2.6 Gelet op het bovenstaande berust het bestreden besluit op een onvoldoende feitelijke grondslag en dient het, onder gegrondverklaring van het beroep, te worden vernietigd. Aangezien het gebrek dat aan het bestreden besluit kleeft, eveneens kleeft aan het primaire besluit en dit gebrek niet bij een nieuw besluit op bezwaar kan worden hersteld, ziet de rechtbank aanleiding om met toepassing van artikel 8:72, vierde lid, van de Algemene wet bestuursrecht zelf in de zaak voorzien door het primaire besluit van 30 juli 2008 te herroepen en te bepalen dat haar uitspraak in de plaats treedt van het vernietigde besluit.

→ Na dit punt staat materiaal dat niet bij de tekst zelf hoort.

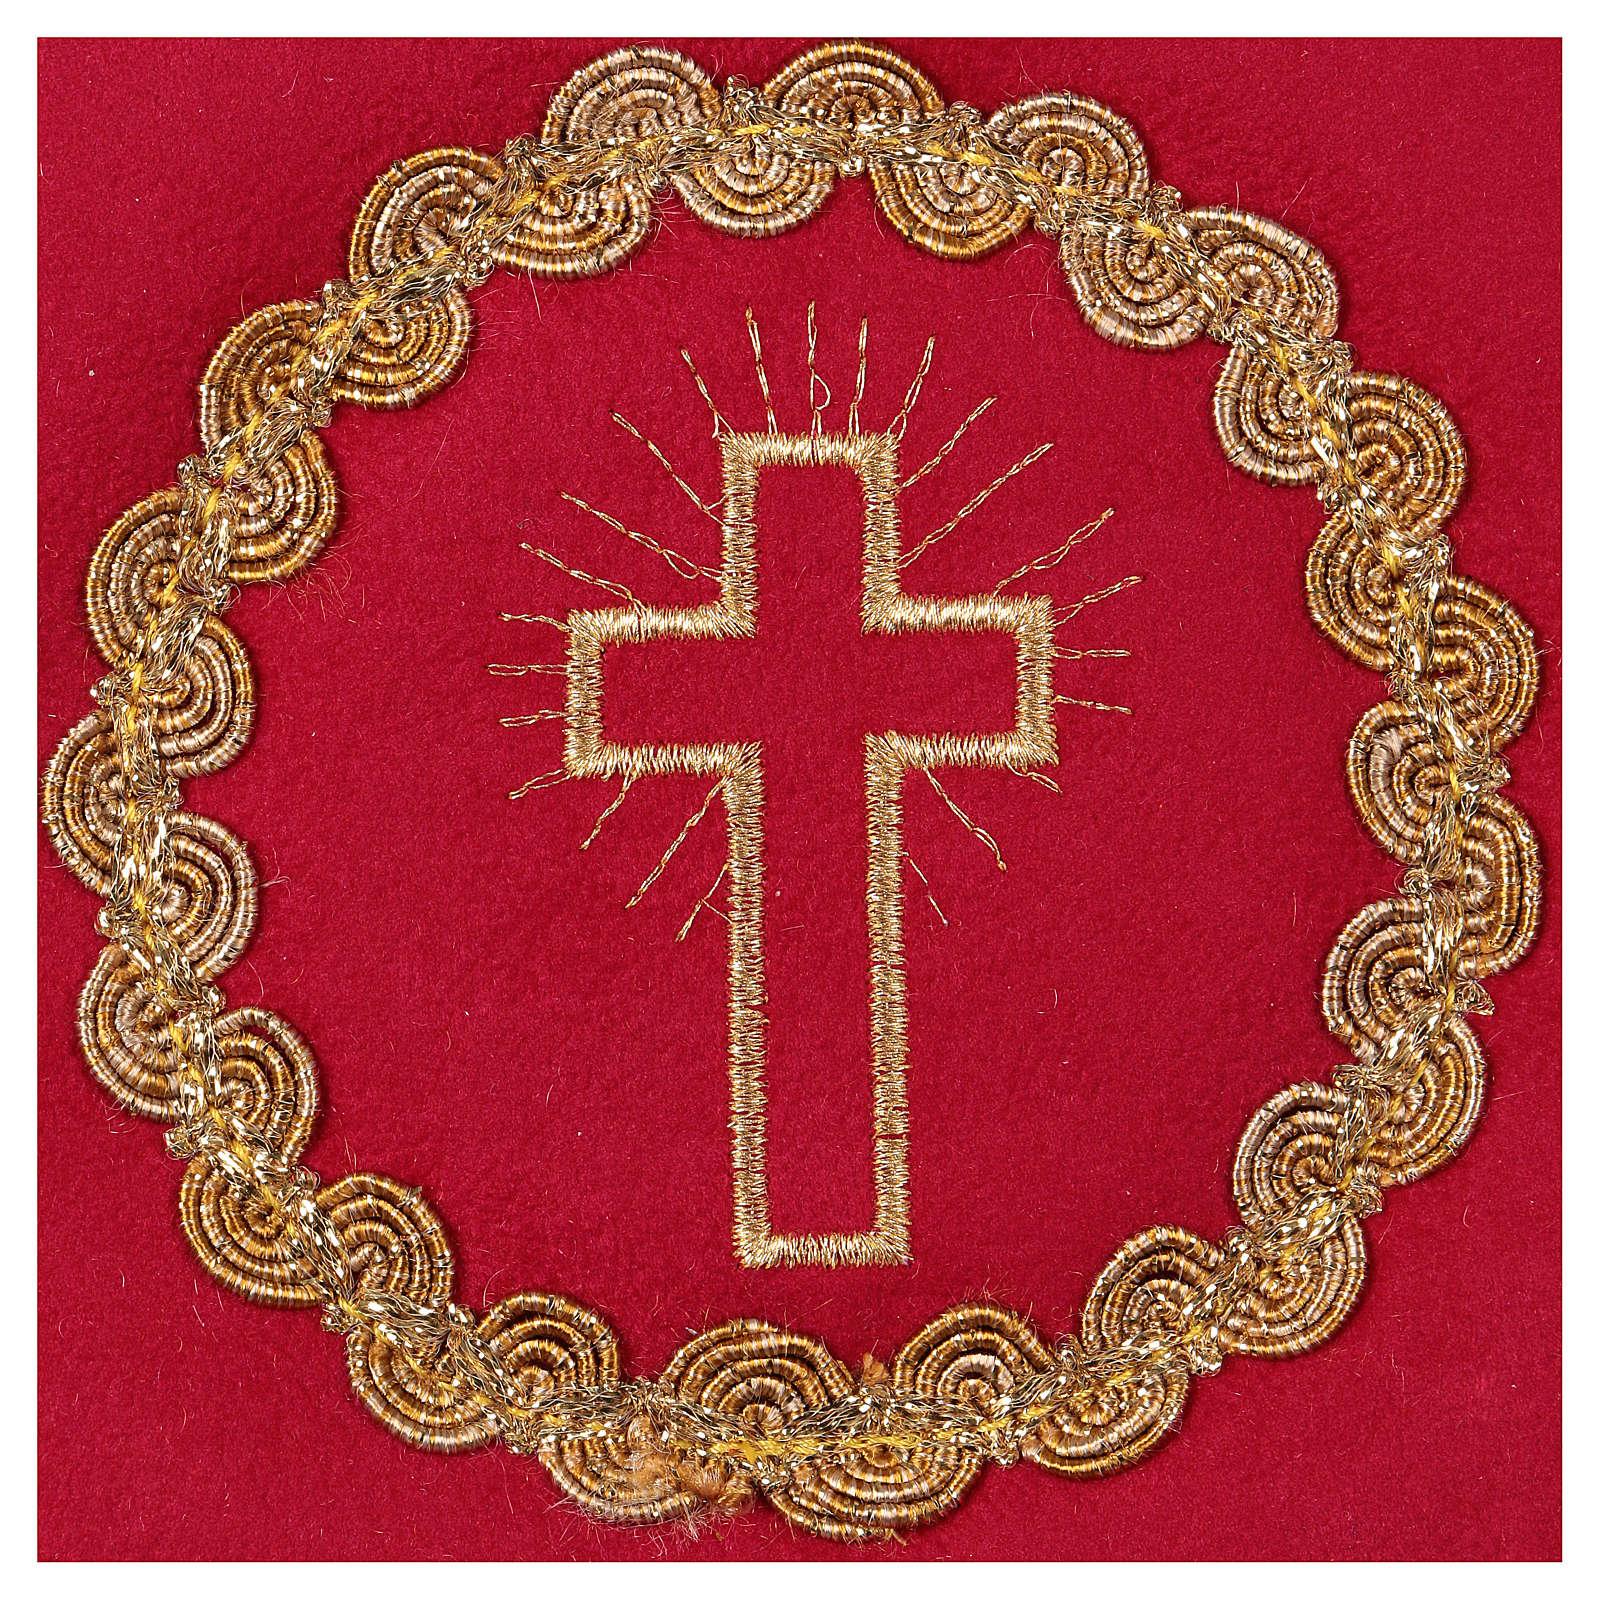 Cubre cáliz cruz tejido rojo 4

2.7 Nu het beroep gegrond wordt verklaard, dient het griffierecht aan eiseres te worden vergoed.
2.8 Nu het beroep gegrond wordt verklaard en het primaire besluit wordt herroepen, zal de rechtbank verweerder veroordelen in de proceskosten die eiseres in bezwaar en in beroep heeft gemaakt, die op basis van het Besluit proceskosten bestuursrecht worden vastgesteld op het hieronder opgenomen bedrag. Daarbij worden twee punten toegekend, in verband met het indienen van het bezwaarschrift en het indienen van het beroepschrift.

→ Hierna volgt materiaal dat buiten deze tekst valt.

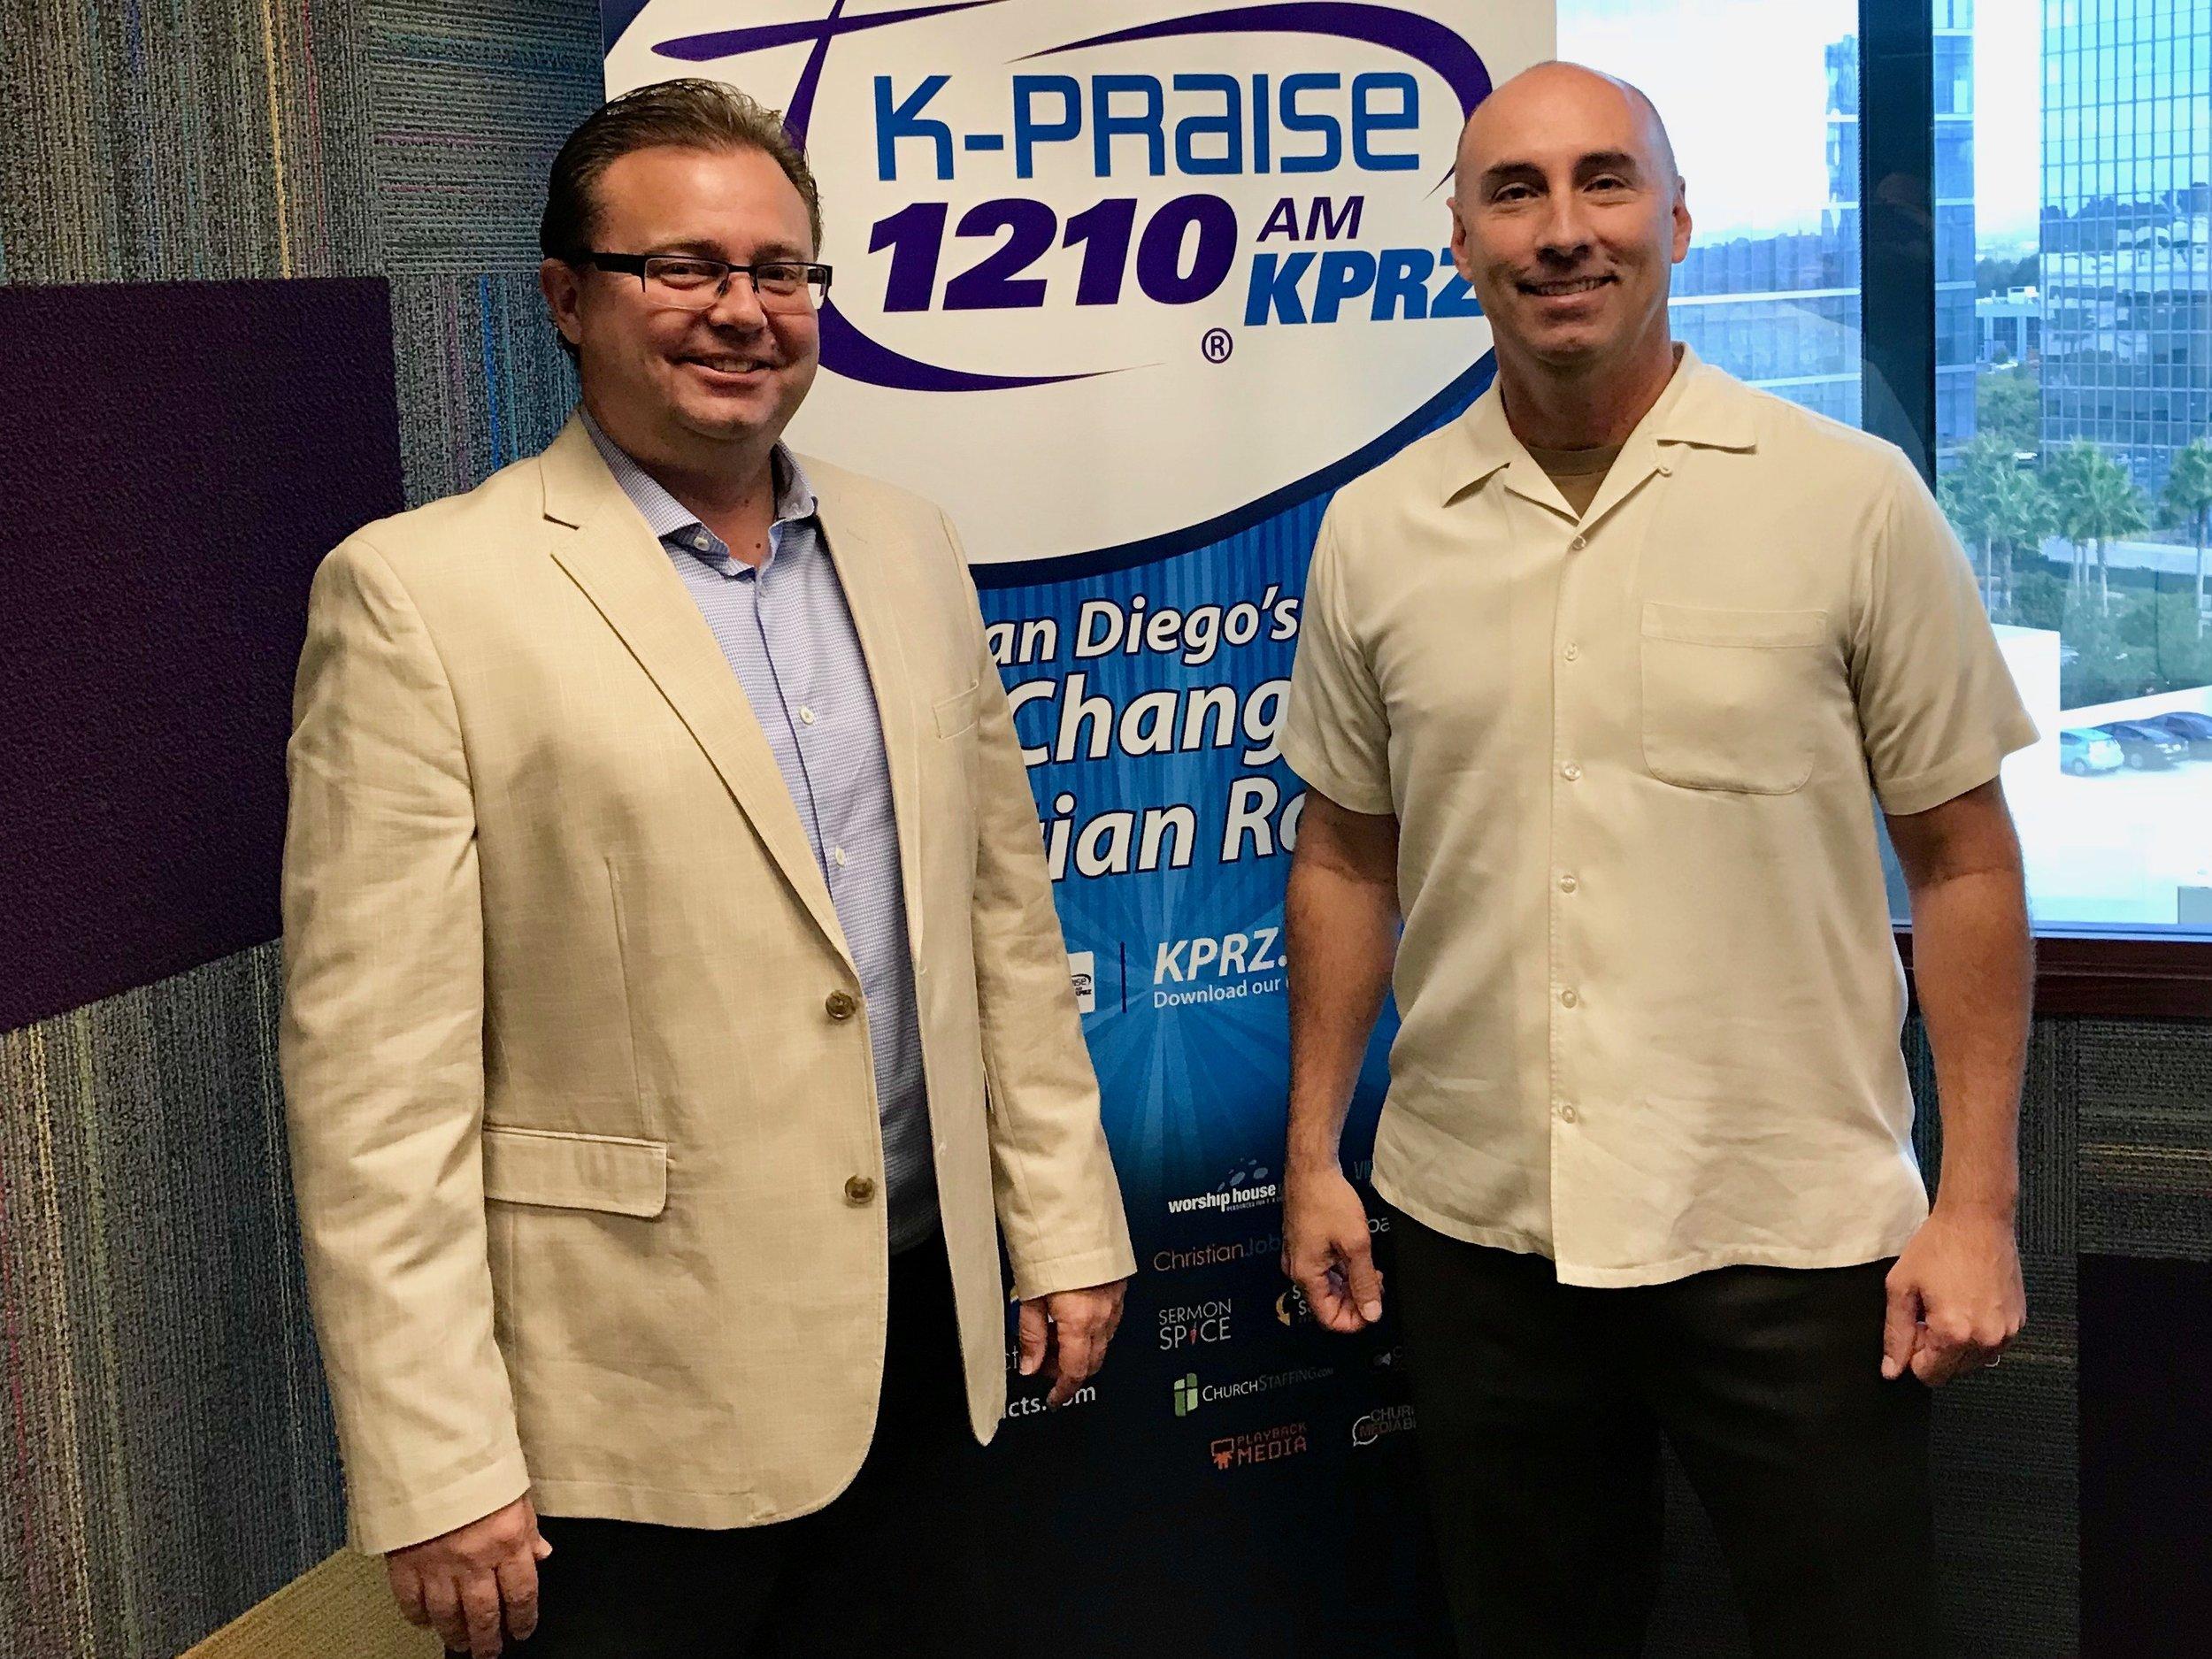 Scott Furrow and Marc Kitsko

2.9 De rechtbank ziet geen aanleiding om de door eiseres geclaimde overige kosten ten bedrage van € 880,- te vergoeden, omdat dit geen kosten zijn die voor vergoeding in aanmerking komen op grond van het Besluit proceskosten bestuursrecht. Dat verzoek wordt derhalve afgewezen.
3. Beslissing
De rechtbank:
verklaart het beroep gegrond en vernietigt het bestreden besluit,
herroept het primaire besluit van 30 juli 2008;
bepaalt dat deze uitspraak in de plaats treedt van het vernietigde besluit;
gelast dat het UWV aan eiseres het door haar betaalde griffierecht van € 288,- vergoedt;
veroordeelt verweerder in de proceskosten van eiseres tot een bedrag van € 644,-, te betalen door het UWV.

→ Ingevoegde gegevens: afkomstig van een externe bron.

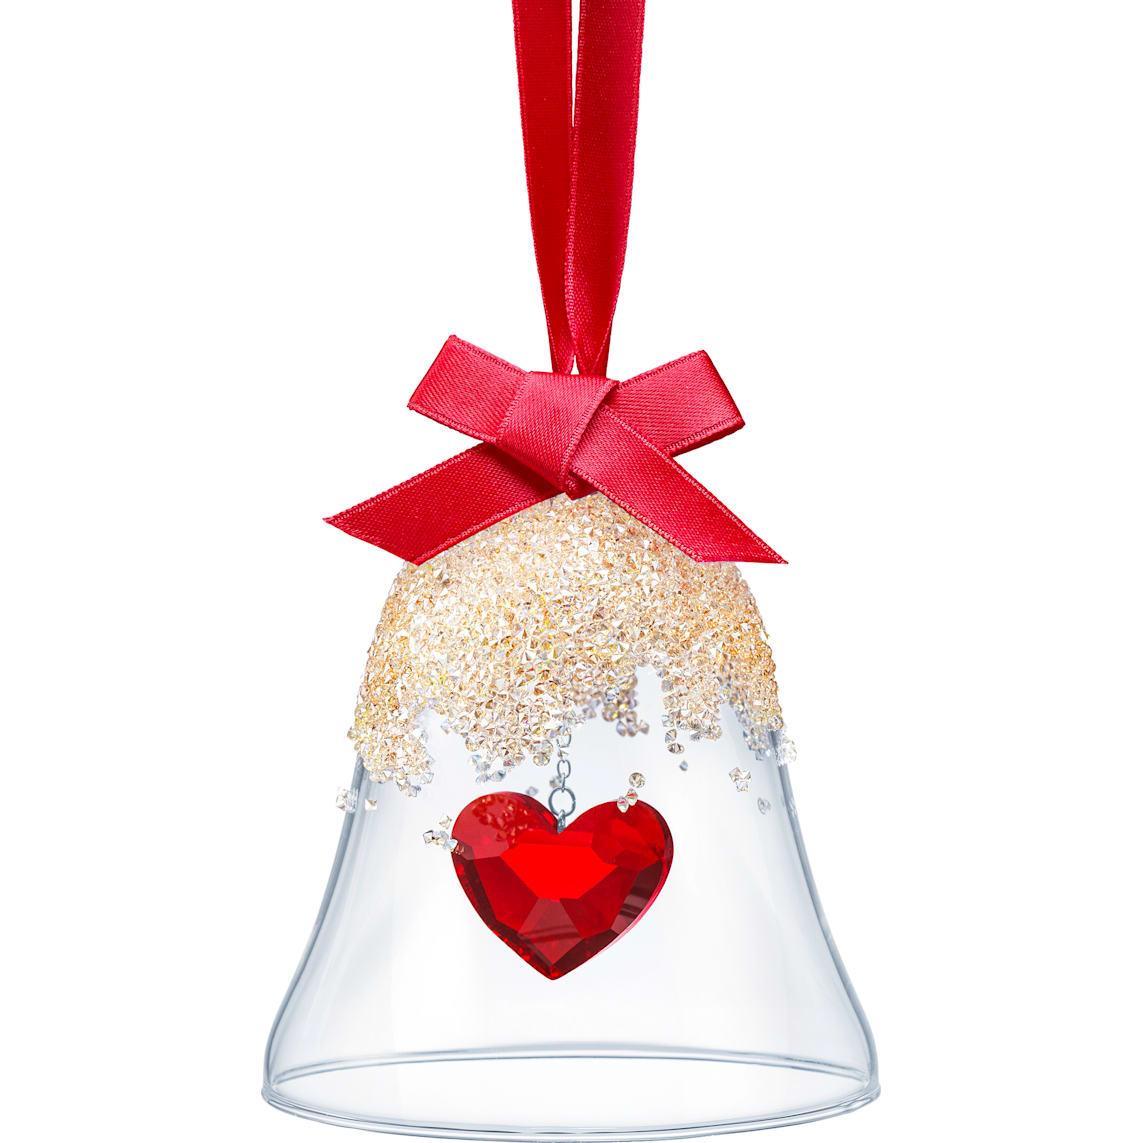 Christmas Bell.Christmas Bell Ornament Heart

Aldus gedaan door mr. C.A.F. van Ginneken, rechter, en door deze en mr. M.A. de Rooij, griffier, ondertekend.
De griffier, De rechter,
Uitgesproken in het openbaar op 29 juli 2009.
Tegen deze uitspraak kunnen partijen en andere belanghebbenden hoger beroep instellen bij de Centrale Raad van Beroep, Postbus 16002, 3500 DA Utrecht.
De termijn daarvoor bedraagt zes weken en vangt aan op de dag na verzending van deze uitspraak.